**TASK STATEMENT**
All that belongs in the answer is the lines from the one containing "Akhal teke stallion" to the end of the listing below, copied exactly, pictures excluded.

**AVAILABLE DATA**
--------------------

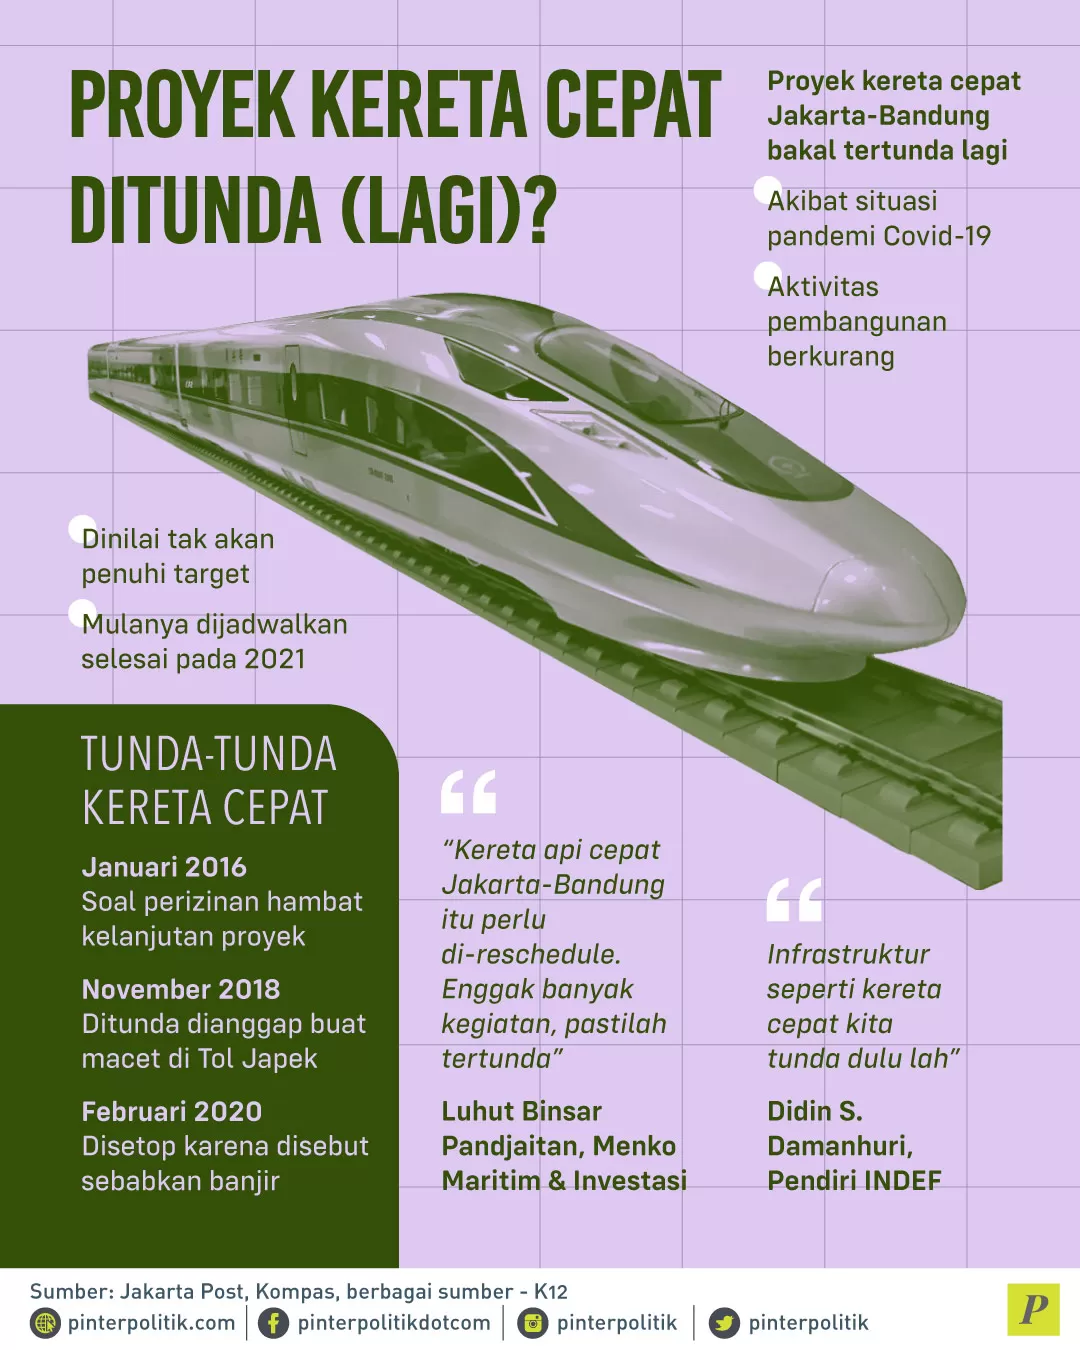 Proyek kereta cepat Jakarta Bandung
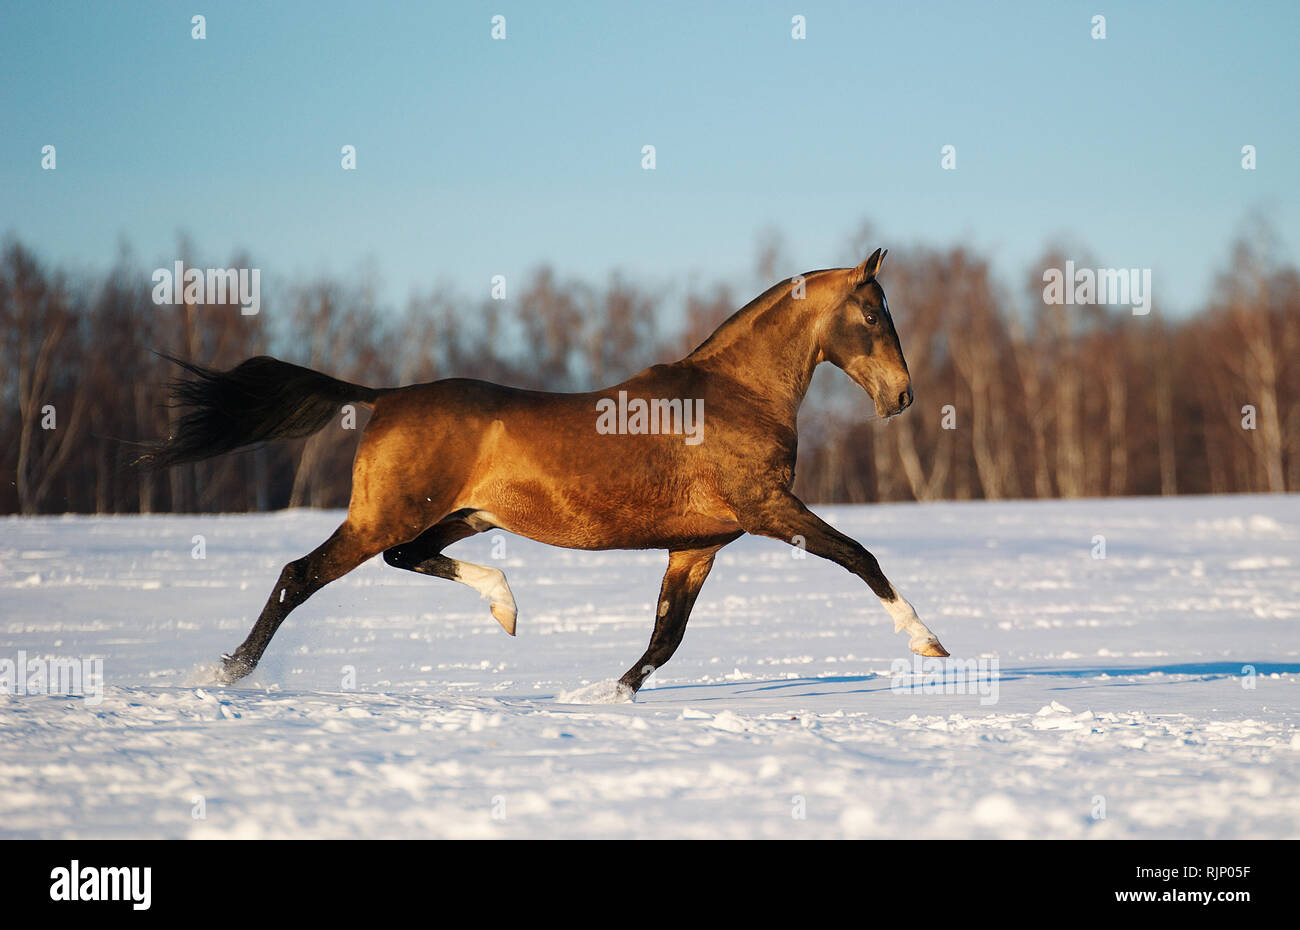 Akhal teke stallion runs in trot sideways over the snowy field in winter. Stock Photo
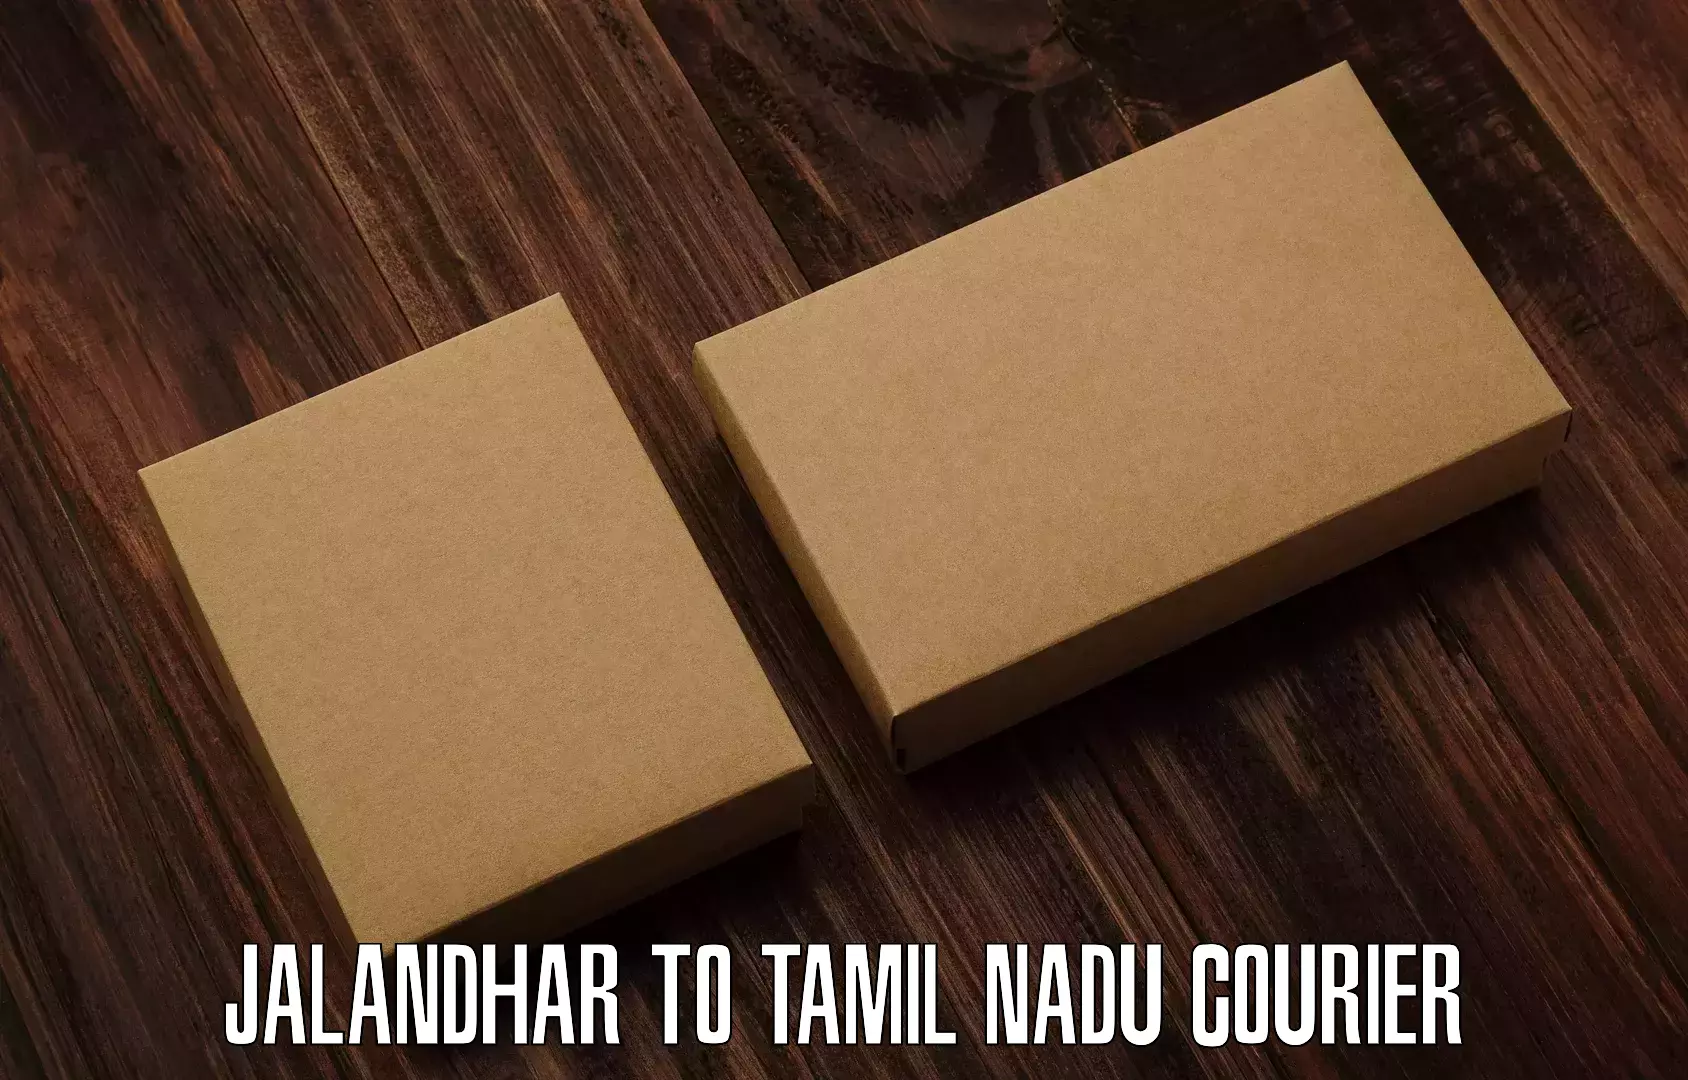 Package delivery network Jalandhar to Nandambakkam

--------------------

**TASK OUTPUT**
 Akhal teke stallion runs in trot sideways over the snowy field in winter. Stock Photo
 Package delivery network Jalandhar to Nandambakkam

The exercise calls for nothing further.